PROBLEM REQUIREMENTS:
Give an unaltered copy of the listing below, minus its pictures.

DATA EXCERPT:
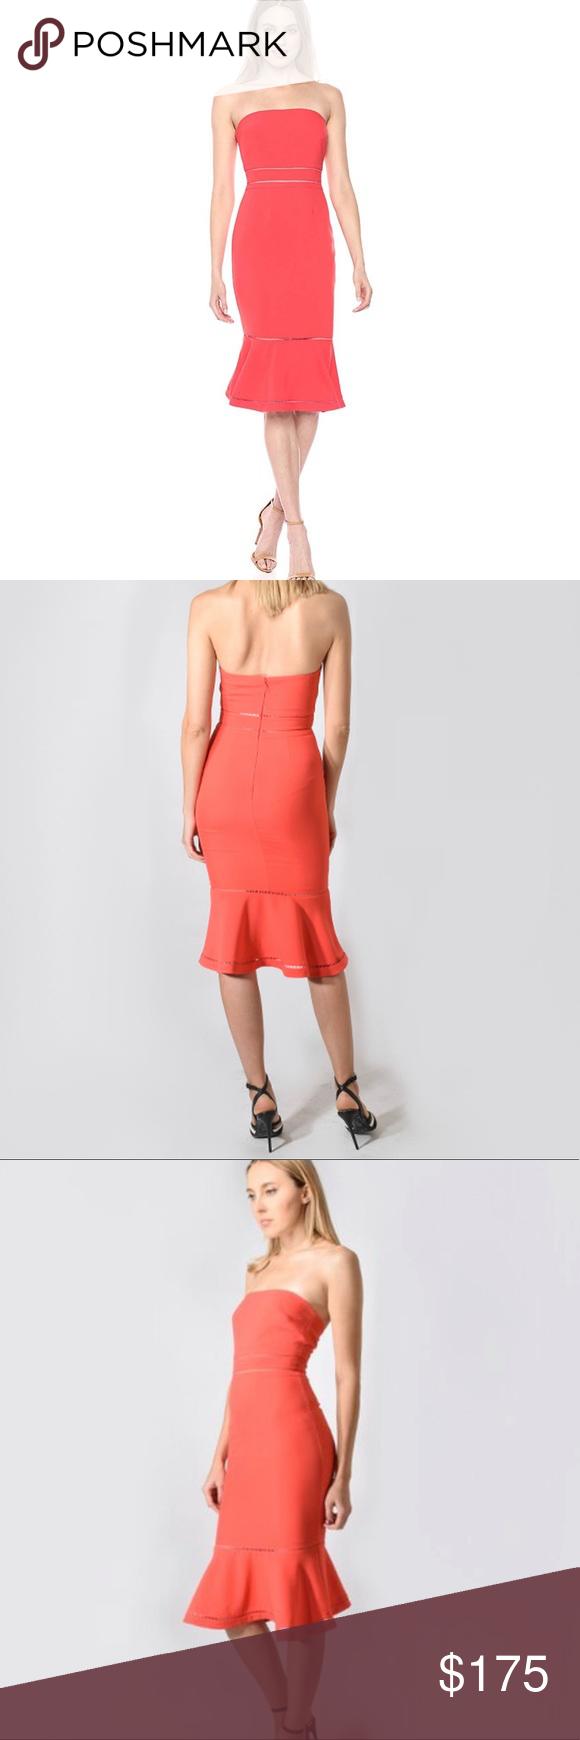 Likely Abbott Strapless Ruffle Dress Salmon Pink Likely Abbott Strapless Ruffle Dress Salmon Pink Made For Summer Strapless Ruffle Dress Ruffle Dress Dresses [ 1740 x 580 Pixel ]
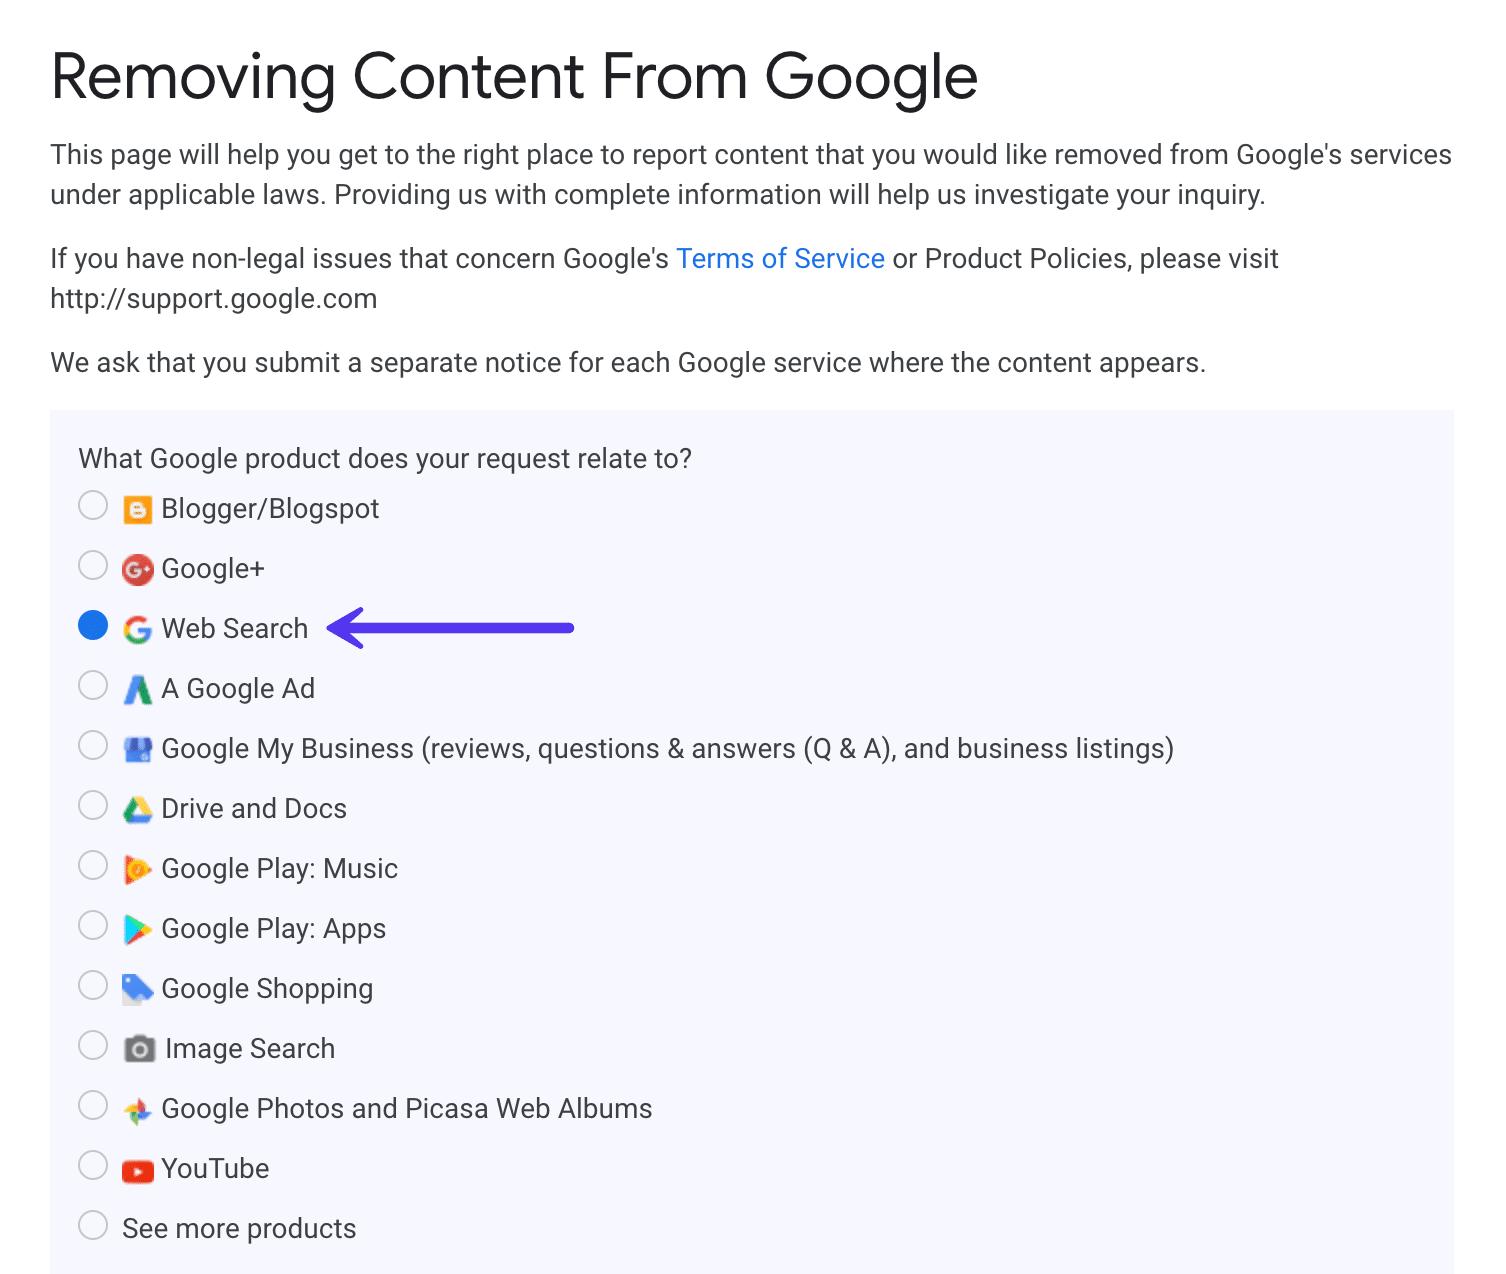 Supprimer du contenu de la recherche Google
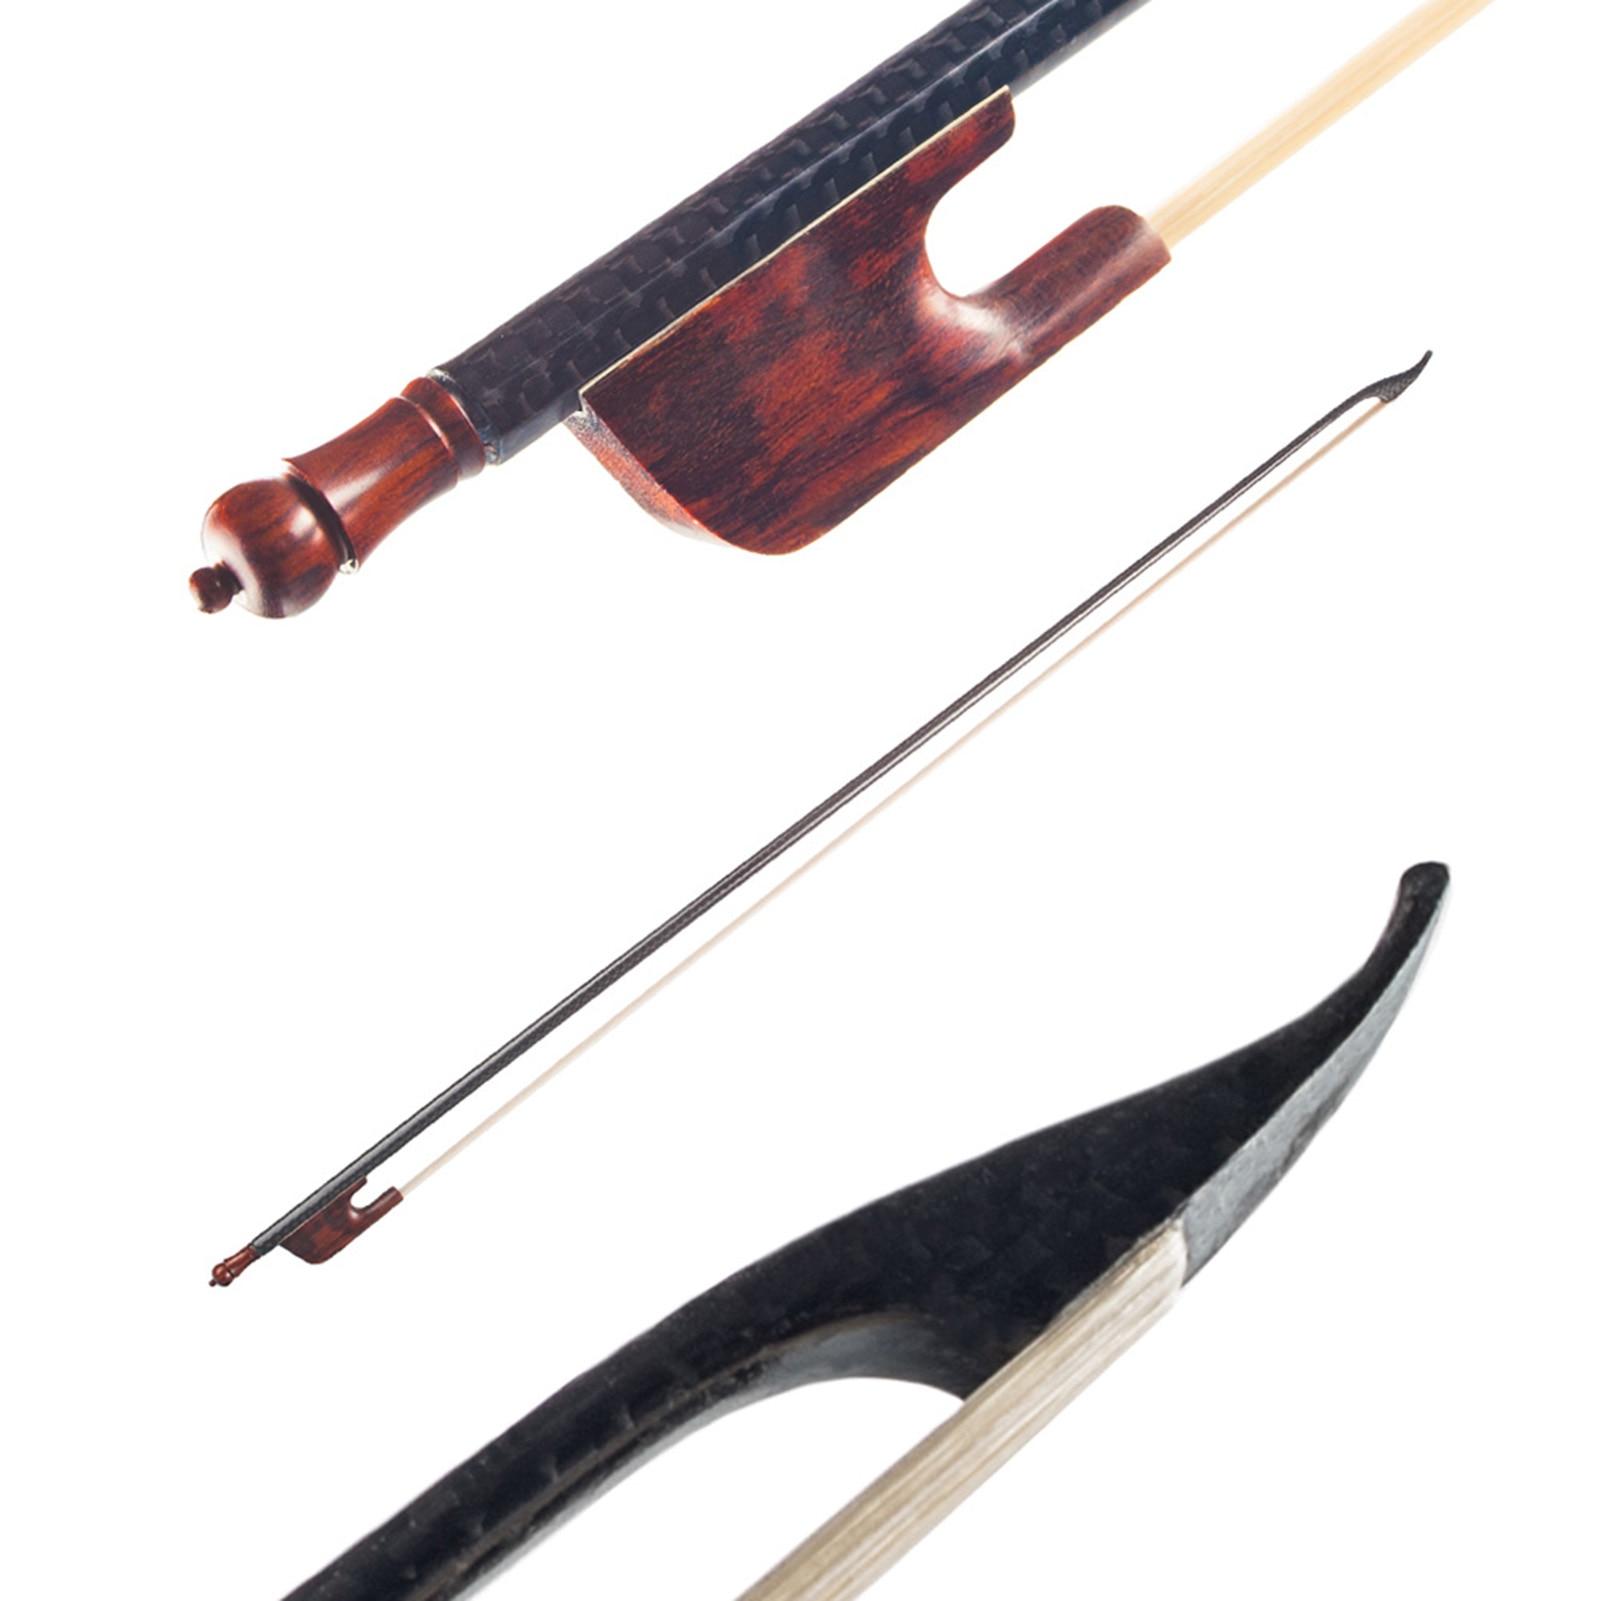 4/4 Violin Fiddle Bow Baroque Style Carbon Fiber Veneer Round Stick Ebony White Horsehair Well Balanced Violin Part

PROBLEM SOLUTION:
 Likely Abbott Strapless Ruffle Dress Salmon Pink Likely Abbott Strapless Ruffle Dress Salmon Pink Made For Summer Strapless Ruffle Dress Ruffle Dress Dresses [ 1740 x 580 Pixel ]
 Supprimer du contenu de la recherche Google
 4/4 Violin Fiddle Bow Baroque Style Carbon Fiber Veneer Round Stick Ebony White Horsehair Well Balanced Violin Part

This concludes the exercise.